使用 VBA 从数组中删除重复项答案

【问题标题】：Remove duplicates from array using VBA使用 VBA 从数组中删除重复项
【发布时间】：2012-08-05 21:24:52
【问题描述】：

假设我在 Excel 2010 中有一个数据块，100 行乘 3 列。

C 列包含一些重复项，假设它开始为

1、1、1、2、3、4、5、……、97、98

使用 VBA，我想删除重复的行，所以我剩下 98 行和 3 列。

1、2、3、……、97、98

我知道 Excel 2010 中有一个按钮可以执行此操作，但它随后会干扰我的其余代码并给出不正确的结果。
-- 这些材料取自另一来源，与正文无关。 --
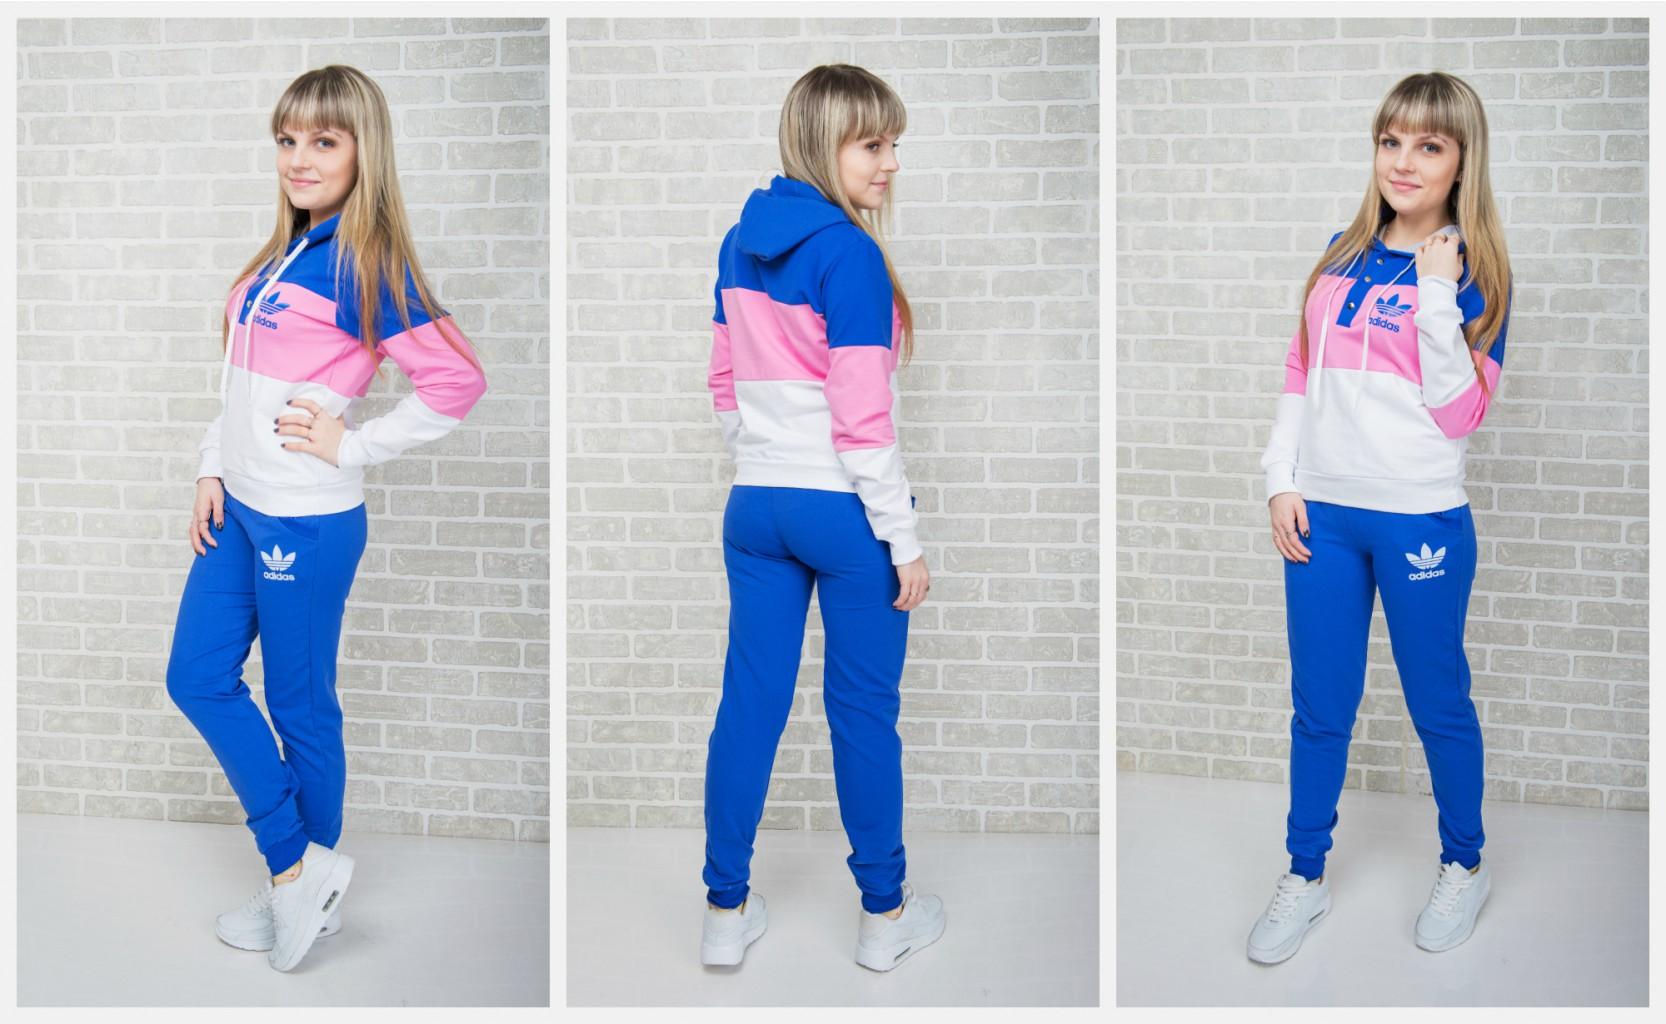 Свободный стиль - продолжаем готовиться к активному отдыху. Все больше моделей легких спортивных костюмов женских и детских. Появились футболки.

另外，我想在数组中做，然后将结果粘贴到工作表上，而不是像Application.Worksheetfunction.countif(.....这样的方法

比如：

Dim myarray() as Variant
myarray=cells(1,1).Currentregion.value

Dim a as Long

For a=1 to Ubound(myarray,1)

    'something here to 

Next a

【问题讨论】：

由于 OP 想要一个接近 RemoveDuplicates 保留相关数组行的 VBA 解决方案，我发布了一个迟到的回复 ►“从数组中删除重复项（加上相关的行项）”

标签： excel vba

【解决方案1】：

I answered a similar question。这是我使用的代码：

Dim dict As Object
Dim rowCount As Long
Dim strVal As String

Set dict = CreateObject("Scripting.Dictionary")
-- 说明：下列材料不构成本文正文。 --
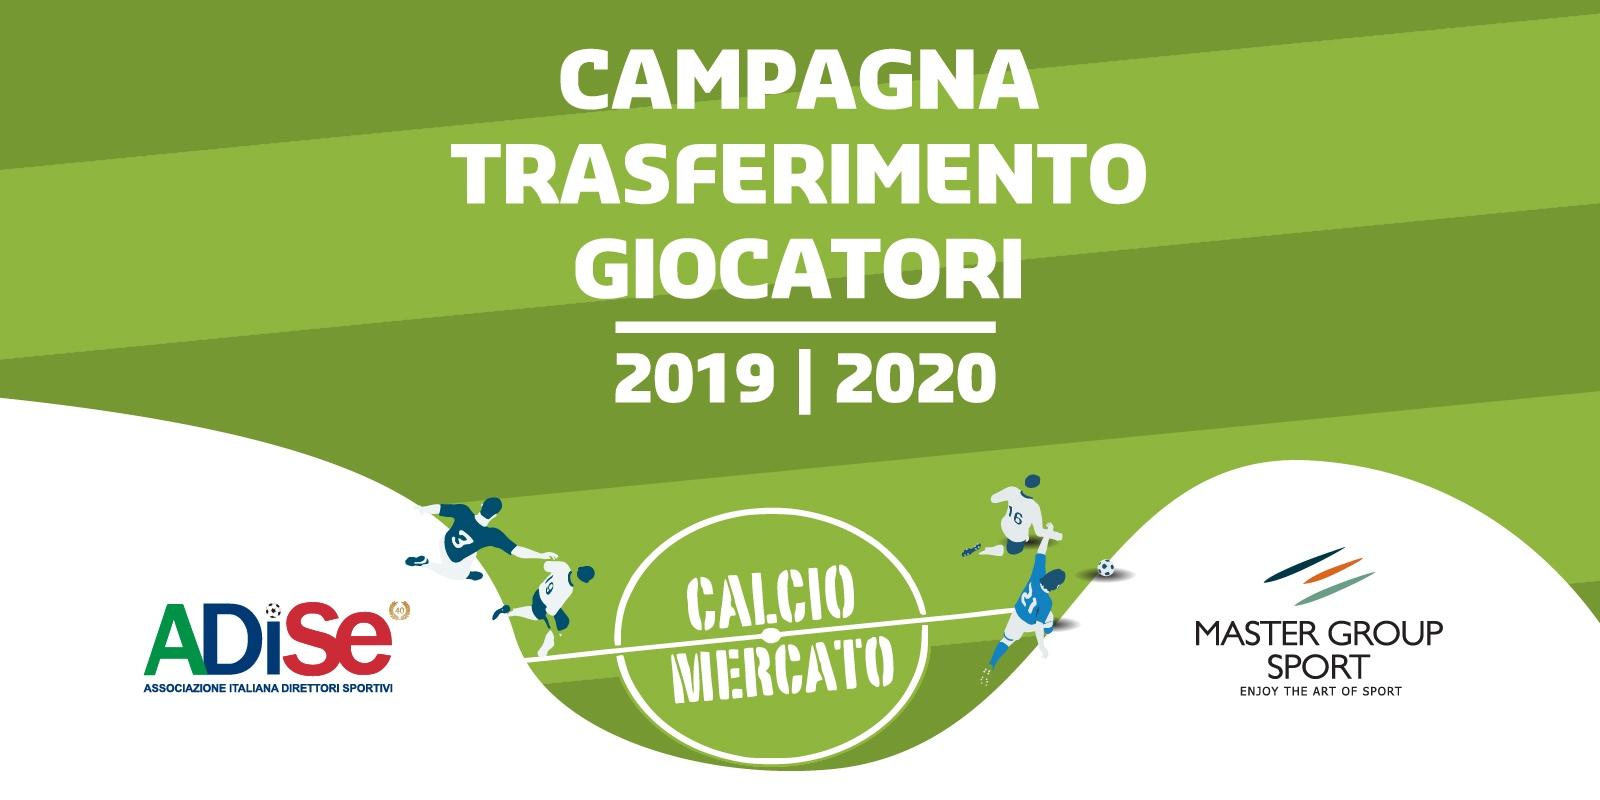 SESSIONE ESTIVA CALCIOMERCATO 2019-2020

rowCount = Sheet1.Range("A1").CurrentRegion.Rows.Count

'you can change the loop condition to iterate through the array rows instead
Do While rowCount > 1
  strVal = Sheet1.Cells(rowCount, 1).Value2

  If dict.exists(strVal) Then
    Sheet1.Rows(rowCount).EntireRow.Delete
  Else
    'if doing this with an array, then add code in the Else block
    ' to assign values from this row to the array of unique values
    dict.Add strVal, 0
  End If

  rowCount = rowCount - 1
Loop

Set dict = Nothing

如果要使用数组，则使用相同的条件 (if/else) 语句遍历元素。如果字典中不存在该项，则可以将其添加到字典中并将行值添加到另一个数组中。
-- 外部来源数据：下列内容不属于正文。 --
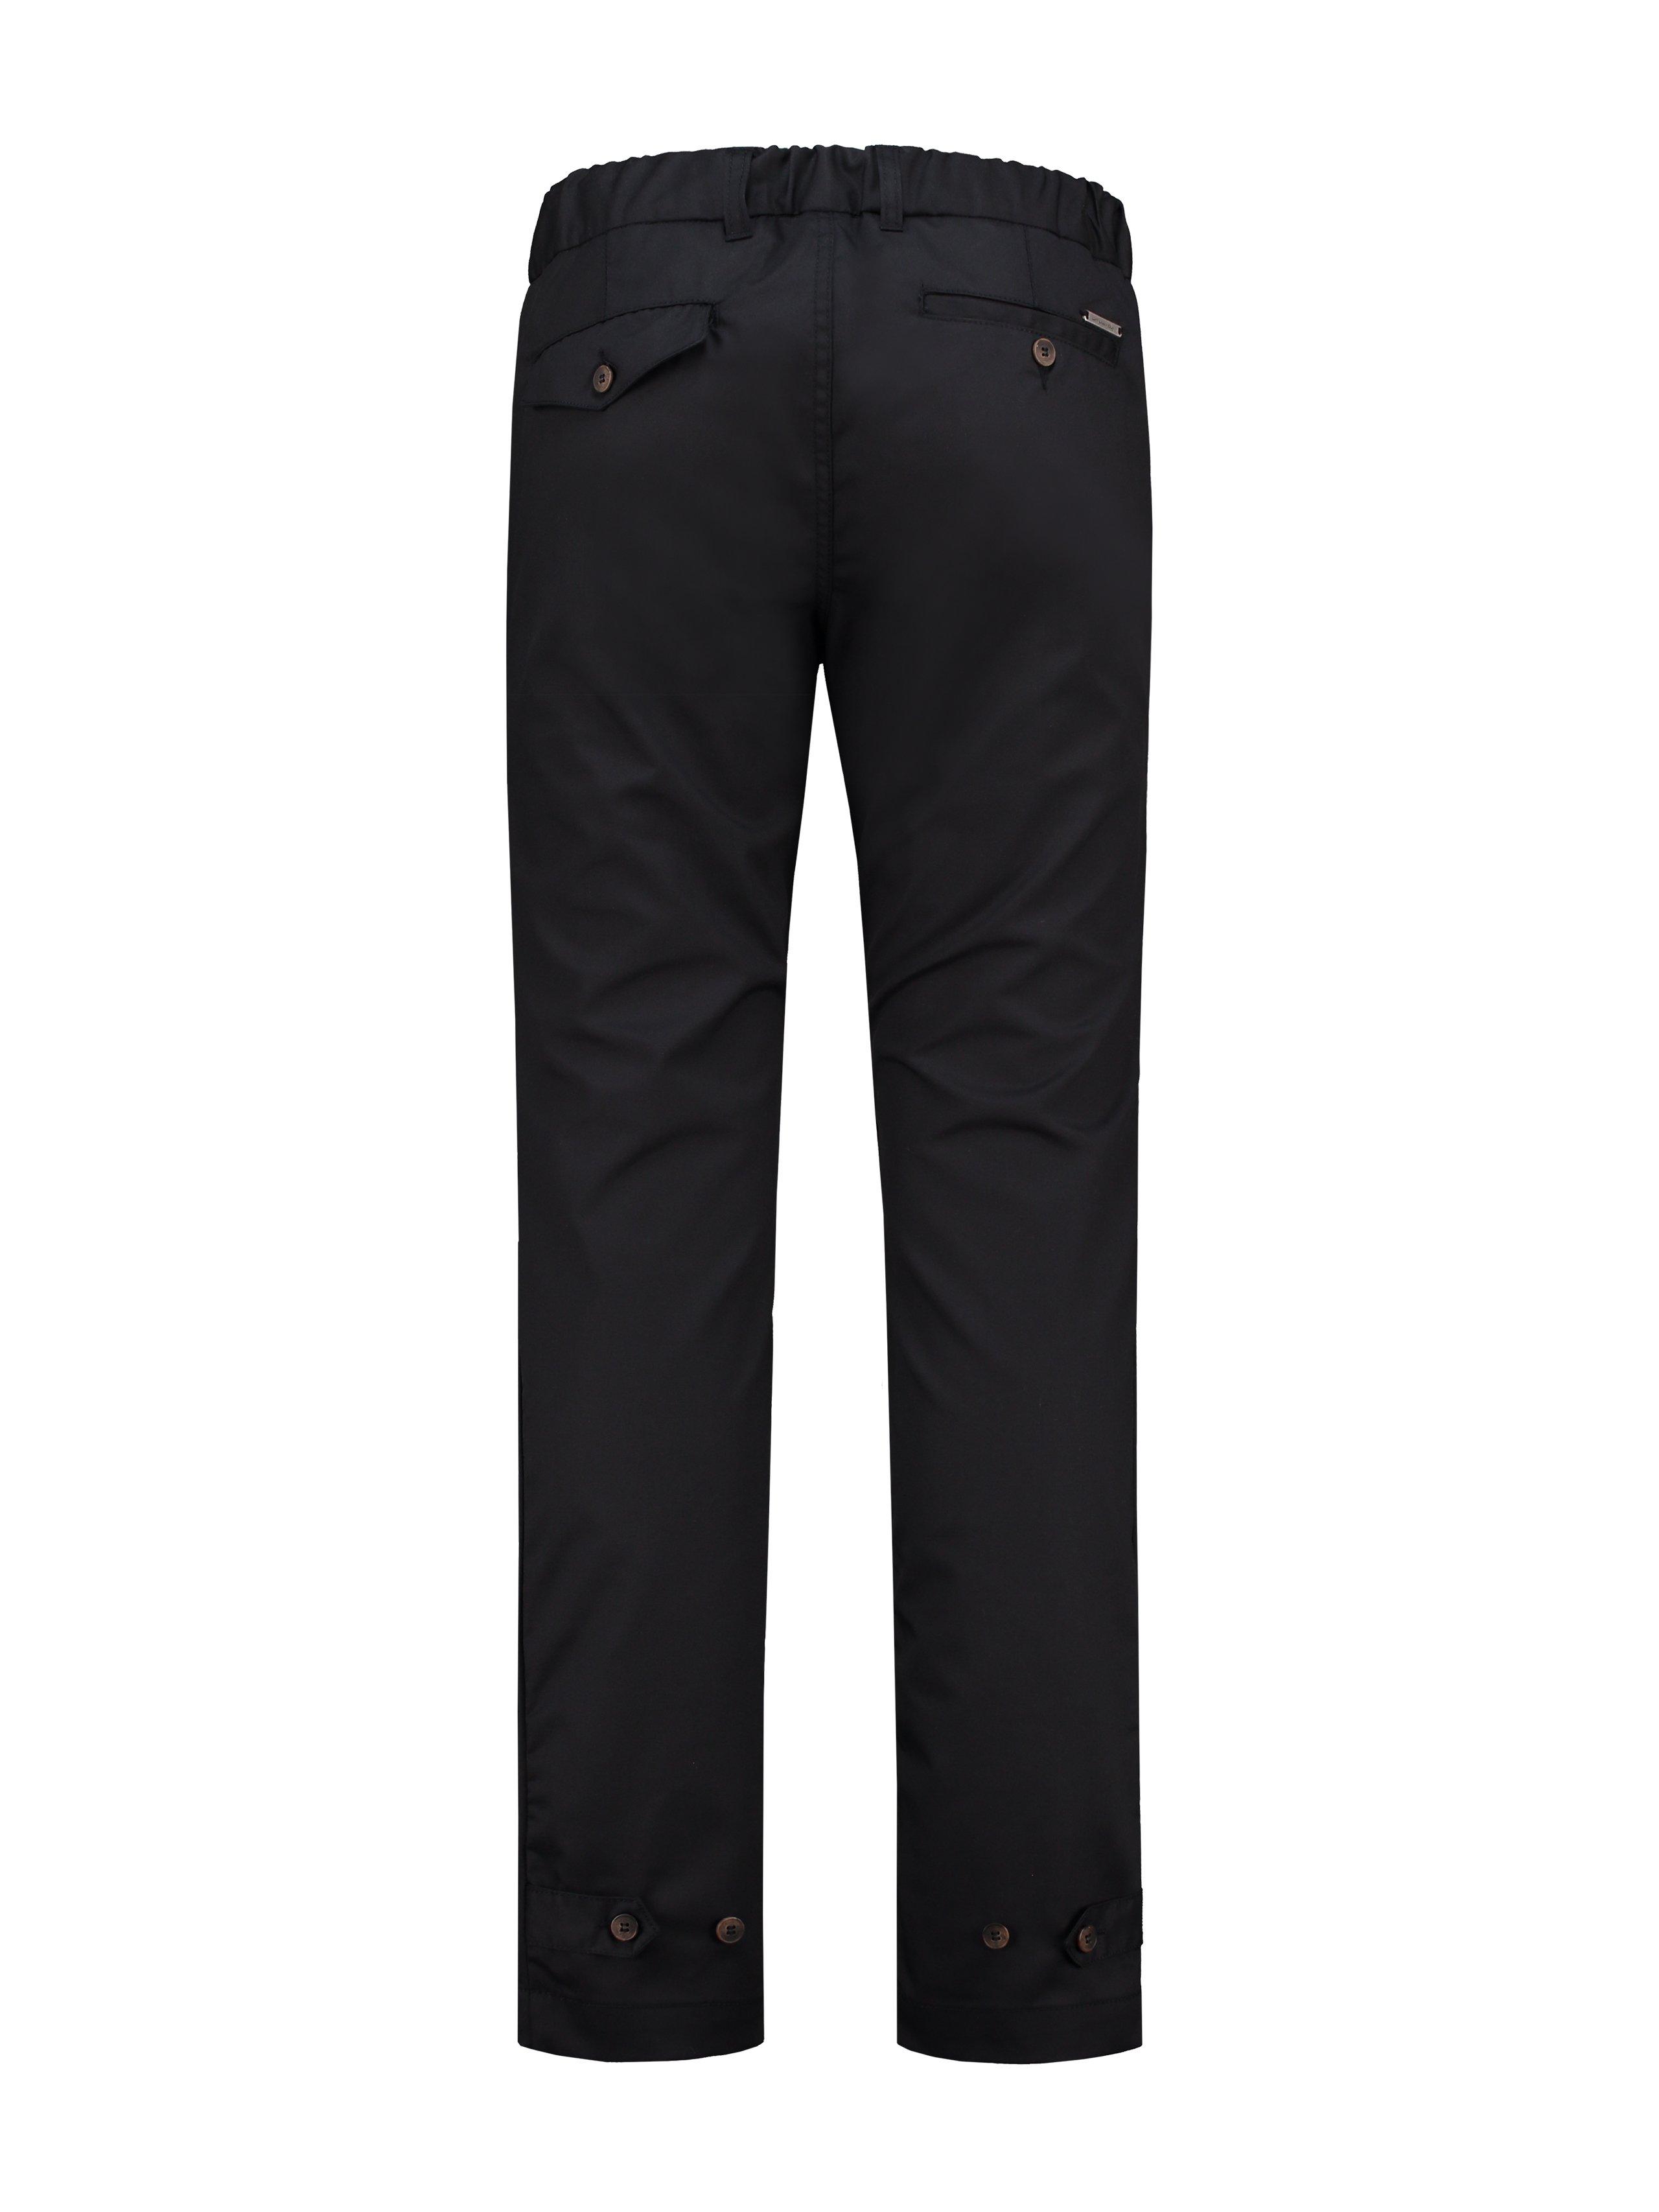 Pants Sydney Black

老实说，我认为最有效的方法是调整从宏记录器获得的代码。您可以在一行中执行上述功能：

    Sheet1.UsedRange.RemoveDuplicates Columns:=3, Header:=xlYes

【讨论】：

这会从工作表中删除实际行，而问题是删除 VBA 中的重复项。此外，任何行删除都应始终自下而上进行，以避免跳过行
@brettdj 这两段代码都可以删除重复项。提问者想在 VBA 中执行此操作，最好使用数组（在这种情况下，他/她可以轻松地修改循环以遍历数组的行而不是范围，然后仅将唯一元素添加到单独的数组中）。如果您查看代码，您会发现行删除确实是自下而上（rowCount 递减）。 :)
那么问题的标题是VBA，从数组中删除重复项。您提出了一个很好的观点，即您的代码确实按照您使用 .Count 的方式自下而上，尽管在这种情况下，询问者可能需要指定第一次出现应该保持在顶部还是底部。
我稍微编辑了我的答案以反映数组请求。在问题内部，它变得模棱两可，用户表示希望执行单击“删除重复项”按钮所做的操作，但在 VBA 中（使用数组）。内置的删除重复项也可以自下而上工作。如果用户回来并想要一个更彻底的答案，或者发现这个不能帮助他们弄清楚，那么我可以提供更多。也可以随意编辑我的或添加您自己的。感谢您的批评！ :)
这个 Scripting.Dictionary 方法是否也适用于 Mac？

【解决方案2】：

Function eliminateDuplicate(poArr As Variant) As Variant
    Dim poArrNoDup()

    dupArrIndex = -1
    For i = LBound(poArr) To UBound(poArr)
        dupBool = False

        For j = LBound(poArr) To i
            If poArr(i) = poArr(j) And Not i = j Then
                dupBool = True
            End If
        Next j

        If dupBool = False Then
            dupArrIndex = dupArrIndex + 1
            ReDim Preserve poArrNoDup(dupArrIndex)
            poArrNoDup(dupArrIndex) = poArr(i)
        End If
    Next i

    eliminateDuplicate = poArrNoDup
End Function

【讨论】：

如果代码有问题，请不要像this revision那样编辑其他SO用户的答案，请发表评论并让他们知道。
你需要为 i 的每个循环设置 dupBool 为 false

【解决方案3】：

对@RBILLC 和@radoslav006 答案的改进，此版本在删除重复项的数组中搜索现有值，因此它搜索较少的值来查找重复项。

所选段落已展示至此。